Work request = Starting at the line below that contains "Espressor automat Krups" and ending at the line that contains "Referenz: Restaurant Punnami", retype each line exactly as it stands, but omit the pictures.

Data under study =
● ● ●
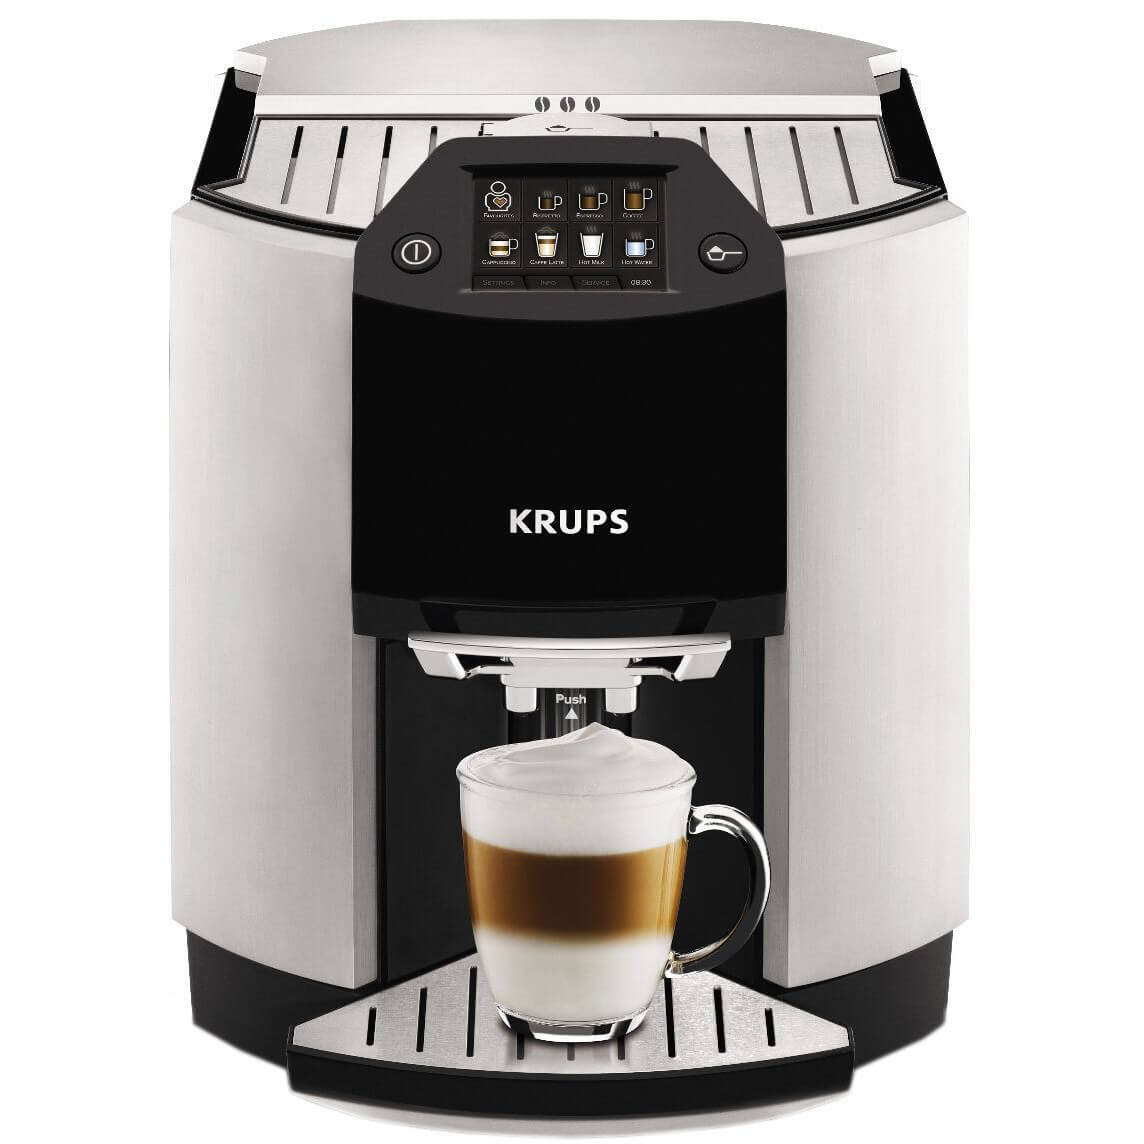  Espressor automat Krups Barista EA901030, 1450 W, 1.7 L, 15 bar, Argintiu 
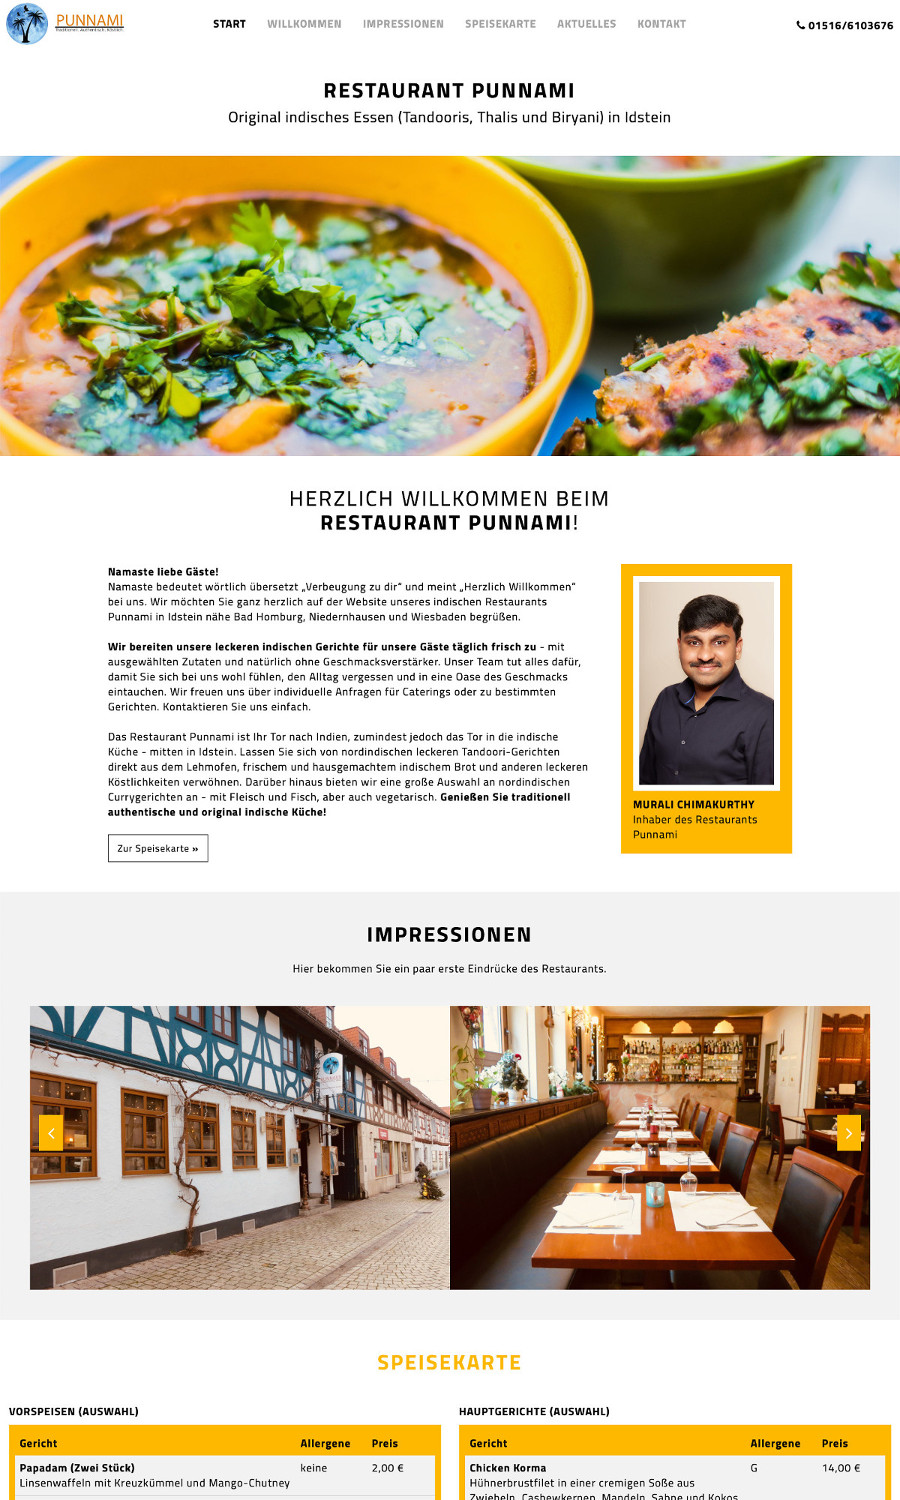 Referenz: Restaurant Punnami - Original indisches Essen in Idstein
● ● ●
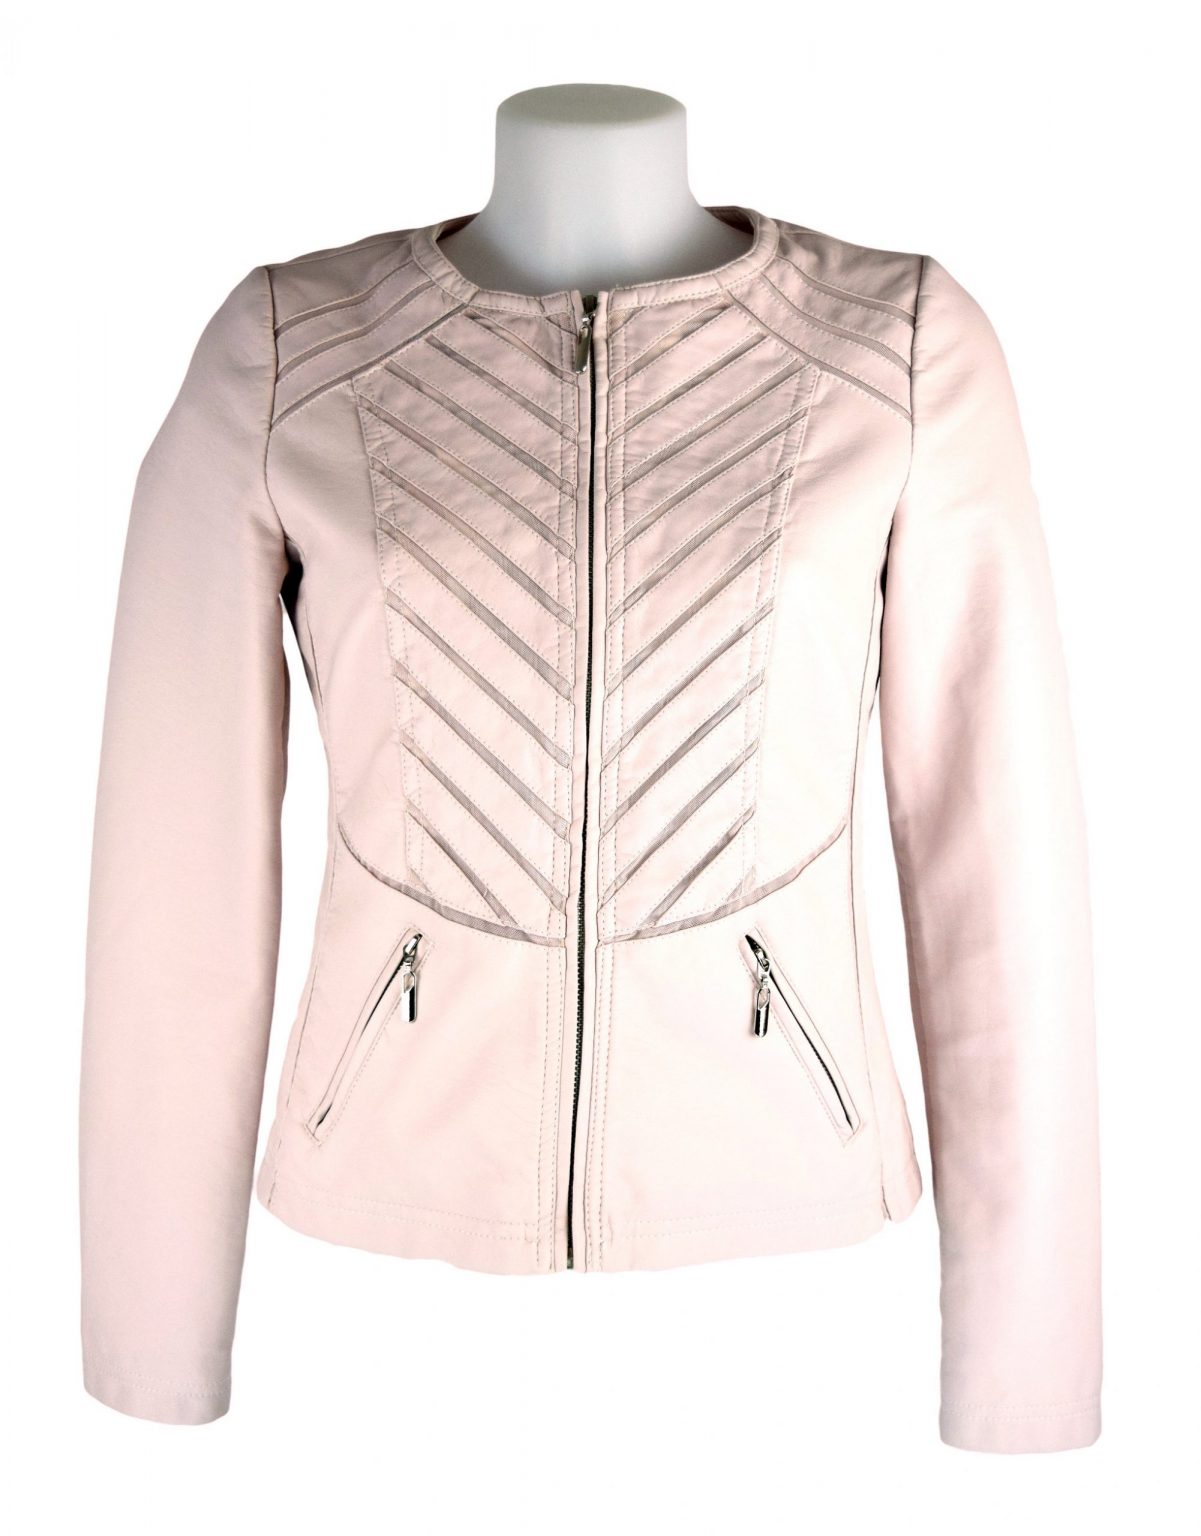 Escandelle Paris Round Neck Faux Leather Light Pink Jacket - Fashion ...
● ● ●
Response =
  Espressor automat Krups Barista EA901030, 1450 W, 1.7 L, 15 bar, Argintiu 
 Referenz: Restaurant Punnami - Original indisches Essen in Idstein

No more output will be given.